To demonstrate the functionality of DR Orchestrator Framework, you create two DB instances or clusters. The primary is in the AWS Region us-east-1, and the secondary is in us-west-2. To create these resources, you use the AWS CloudFormation templates in the App-Stack folder of the aws-cross-region-dr-databases GitHub repository.

Prerequisites and limitations

General prerequisites

DR Orchestrator Framework deployed in both primary and secondary AWS Regions
Two Amazon Simple Storage Service buckets
A virtual private cloud (VPC) with two subnets and an AWS security group

Engine-specific prerequisites

Amazon Aurora – At least one Aurora global database must be available in two AWS Regions. You can use us-east-1 as the primary Region, and use us-west-2 as the secondary Region.
Amazon ElastiCache (Redis OSS) – An ElastiCache global datastore must be available in two AWS Regions. You can use us-east-1 as the primary Region, and use us-west-2 as the secondary Region.

Amazon RDS limitations

DR Orchestrator Framework doesn't check the replication lag before doing a failover or failback. Replication lag must be checked manually.
This solution has been tested using a primary database instance with one read replica. If you want to use more than one read replica, test the solution thoroughly before implementing it in a production environment.

Aurora limitations

Feature availability and support vary across specific versions of each database engine and across AWS Regions. For more information on feature and Region availability for cross-Region replication, see Cross-Region read replicas.
Aurora global databases have specific configuration requirements for supported Aurora DB instance classes and the maximum number of AWS Regions. For more information, see Configuration requirements of an Amazon Aurora global database.
This solution has been tested using a primary database instance with one read replica. If you want to use more than one read replica, test the solution thoroughly before implementing it in a production environment.

ElastiCache limitations

For information about Region availability for Global Datastore and ElastiCache configuration requirements, see Prerequisites and limitations in the ElastiCache documentation.

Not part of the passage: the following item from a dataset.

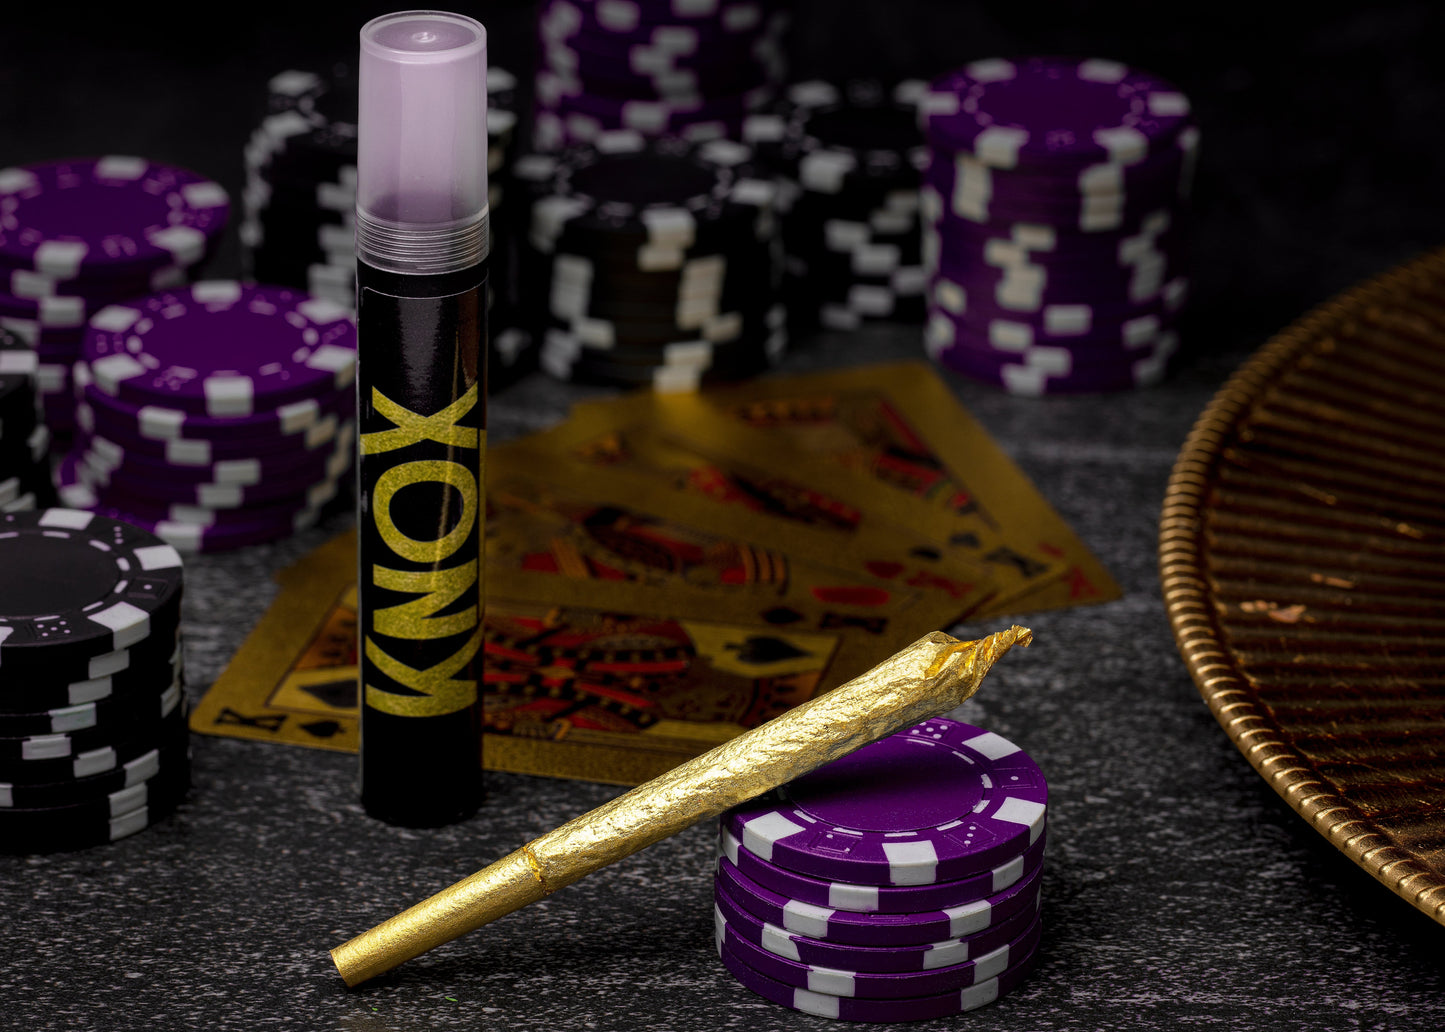 Knox 24K Gold King Size Cone Smoke Drop

Amazon RDS product versions

Amazon RDS supports the following engine versions:

MySQL – Amazon RDS supports DB instances running the following versions of MySQL: MySQL 8.0 and MySQL 5.7
PostgreSQL – For information about supported versions of Amazon RDS for PostgreSQL, see Available PostgreSQL database versions.
MariaDB – Amazon RDS supports DB instances running the following versions of MariaDB:
- MariaDB 10.11
- MariaDB 10.6
- MariaDB 10.5

Aurora product versions

Amazon Aurora global database switchover requires Aurora MySQL-Compatible with MySQL 5.7 compatibility, version 2.09.1 and higher
For more information, see Limitations of Amazon Aurora global databases.

ElastiCache (Redis OSS) product versions

Amazon ElastiCache (Redis OSS) supports the following Redis versions:

Redis 7.1 (enhanced)
Redis 7.0 (enhanced)
Redis 6.2 (enhanced)
Redis 6.0 (enhanced)
Redis 5.0.6 (enhanced)

For more information, see Supported ElastiCache (Redis OSS) versions.

Architecture

Amazon RDS architecture

The Amazon RDS architecture includes the following resources:

The primary Amazon RDS DB instance created in the primary Region (us-east-1) with read/write access for clients
An Amazon RDS read replica created in the secondary Region (us-west-2) with read-only access for clients
DR Orchestrator Framework deployed in both the primary and secondary Regions

Diagram of two-Region RDS architecture in a single AWS account.

The diagram shows the following:

Asynchronous replication between the primary instance and the secondary instance
Read/write access for clients in the primary Region
Read-only access for clients in the secondary Region

Aurora architecture

The Amazon Aurora architecture includes the following resources:

The primary Aurora DB cluster created in the primary Region (us-east-1) with an active-writer endpoint
An Aurora DB cluster created in the secondary Region (us-west-2) with an inactive-writer endpoint
DR Orchestrator Framework deployed in both the primary and secondary Regions

Diagram of two-Region Aurora deployment in a single AWS account.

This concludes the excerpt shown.